Колыхались по стенам неясные тени, дымилась трубка, раздавался размеренный скрип сапог.

Сидящий в тени человек, ждал.

Рябой остановился напротив лампы, пыхнул трубкой и сказал:

— Лаврентий, процесс над этими прэдателями надо сдэлать закрытым.

Человек под лампой подобрался как хищник перед прыжком. В лучах лампы блеснуло стеклами пенсне.

— Почему, Коба? Давай покажем всему миру, как эти сраные казачьи генералы валяются у тебя в ногах?

Сталин глянул на Берию своими желтыми тигриными глазами.

— Лаврэнтий, ты дурак? Ты думаэшь, что этот старый нэгодяй Краснов встанэт на колени? Он уже стар, ему нечего бояться. Он будэт говорит, и его будут слюшать, поверь мнэ. А самое главное... идеи этих казаков могут как зараза разойтись по всему миру, не говоря уже о тех местах, где еще остались казаки.

Нам сейчас еще только не хватало какой-нибудь Вандеи.

Берия настороженно спросил:

— А что будем делать с этими прэдателями? Расстрэляем?

— Нэт, мы их не расстреляем.

Сталин усмехнулся.

— Мы их повэсим, как бешэных собак. Проинструктируй этого говоруна Ульриха.

Пусть не затягивает процесс, а то начнет препарировать, как своих бабочек. Совэтская власть нэ любит миндальничать.

Берия заулыбался, вспомнил, что еще в 1940 году докладывал Сталину о том, что Ульрих собирает и коллекционирует бабочек и мотыльков со всего мира.

— Все. Можешь идти.

Берия поднялся и вышел, прихватив с собой папку.

16 января 1947 года состоялось закрытое заседание Военной коллегии Верховного суда.

Судили эмигрантов- генералов Петра Николаевича Краснова, Андрея Григорьевича Шкуро, Семена Краснова и Султан-Гирей Клыча. Вместе с ними на скамье подсудимых сидели советский гражданин Тимофей Доманов и подданный германского рейха Гельмут фон-Паннвиц.

Набор обвинений был стандартный — «по заданию германской разведки, в период Отечественной войны подсудимые вели посредством сформированных ими белогвардейских отрядов вооруженную борьбу против Советского Союза и проводили активную шпионско-диверсионную деятельность против СССР».

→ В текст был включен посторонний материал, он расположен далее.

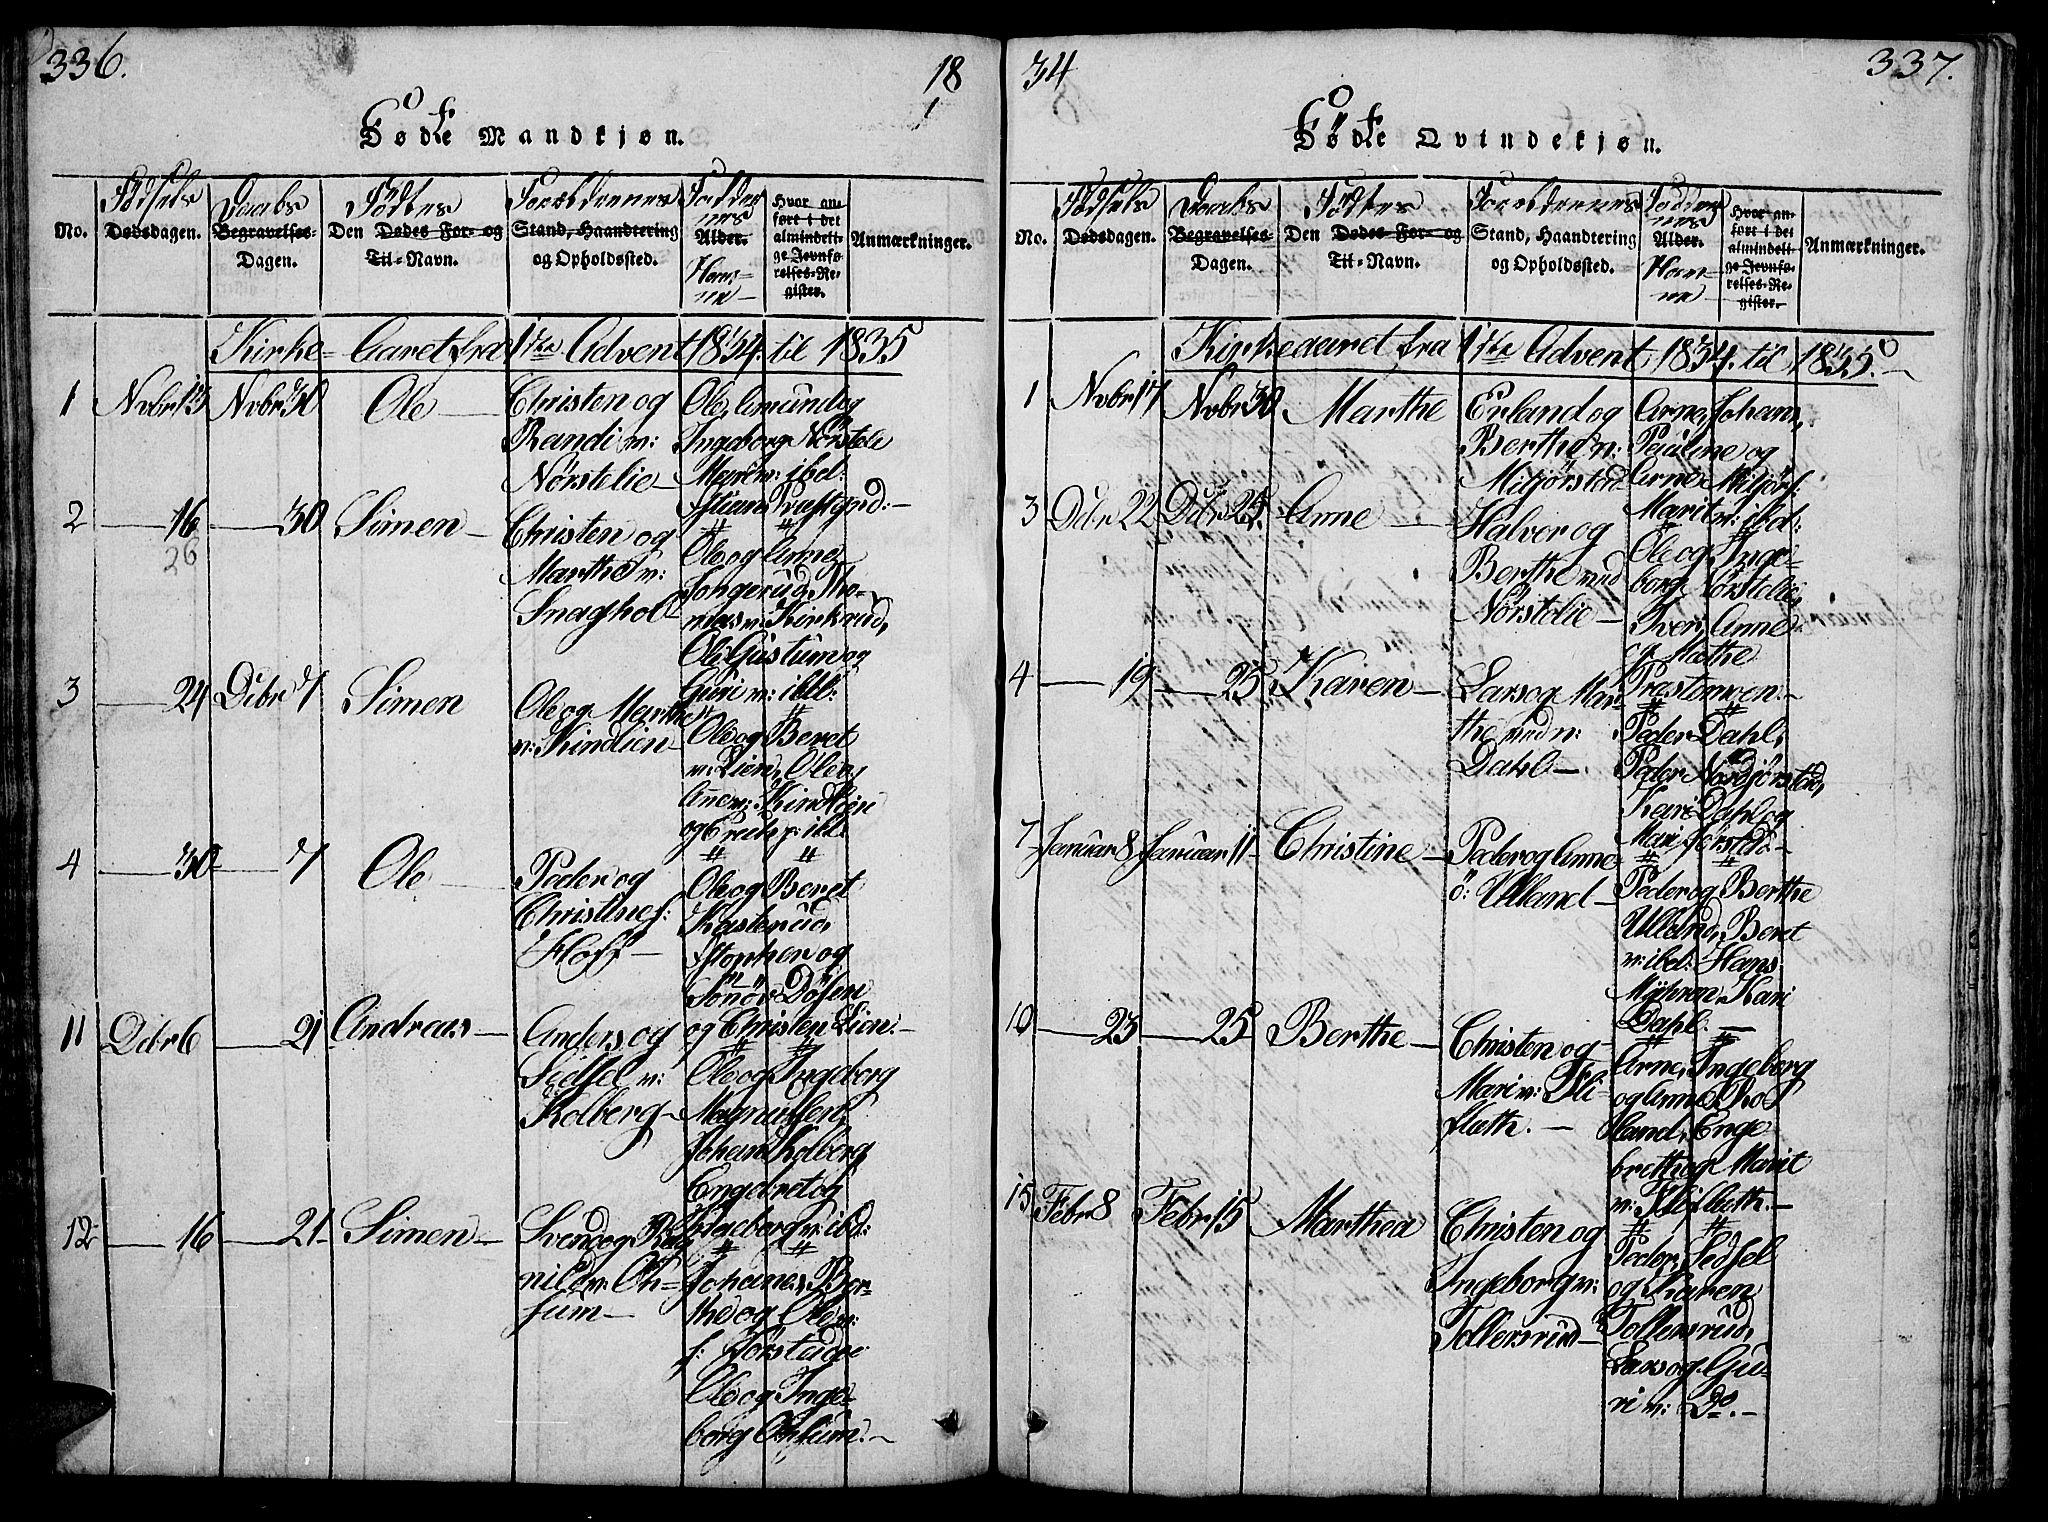 SAH, Fåberg prestekontor, Klokkerbok nr. 4, 1818-1837, s. 336-337

Смертный приговор был вынесен заранее, еще до начала процесса, поэтому члены суда совещались недолго.

Уже через полчаса Ульрих зачитал приговор— смертная казнь через повешение с конфискацией всего принадлежащего имущества.

После приговора всех осужденных под усиленным конвоем отвели в спецблок тюрьмы. Сидя в тесном боксе приговоренные ждали, когда их разведут в камеры для смертников.

В углах серых бетонных стен притаился страх. Он был всюду, под нарами, за решеткой окна, за бачком с парашей. Доманов ушел в себя, сидя на корточках у стены он выглядел затравленным зверем. Дрожащие щеки, глаза, словно оловянные пуговицы.

У двери, как раненый зверь метался генерал Шкуро. Серая рваная тень висела за его спиной, скользила по стенам. Холодной зимней поземкой оседал на стенах шепот молитв. Каждый молился своему Богу - мусульманин Клыч, католик Паннвиц, православный Краснов.

У каждого был свой Бог - но молитва одна.

— Господи, укрепи меня в духе!

Люди слышали, как в коридоре раздавались шаги. От камере к камере ходил надзиратель.

Сегодня их убьют или завтра?

И только не верящий ни в бога, ни в черта Шкуро негромко пел своим хриплым простуженным голосом - военные марши, казачьи, застольные. Пел горько и обреченно. Как плакал. Его песни были длинны и бесконечны, как горе.

Перейти на страницу:

Похожие книги

Север и Юг
Север и Юг

Выросшая в зажиточной семье Маргарет вела комфортную жизнь привилегированного класса. Но когда ее отец перевез семью на север, ей пришлось приспосабливаться к жизни в Милтоне — городе, переживающем промышленную революцию.Маргарет ненавидит новых «хозяев жизни», а владелец хлопковой фабрики Джон Торнтон становится для нее настоящим олицетворением зла. Маргарет дает понять этому «вульгарному выскочке», что ему лучше держаться от нее на расстоянии. Джона же неудержимо влечет к Маргарет, да и она со временем чувствует все возрастающую симпатию к нему…Роман официально в России никогда не переводился и не издавался. Этот перевод выполнен переводчиком Валентиной Григорьевой, редакторами Helmi Saari (Елена Первушина) и mieleом и представлен на сайте A'propos… (http://www.apropospage.ru/).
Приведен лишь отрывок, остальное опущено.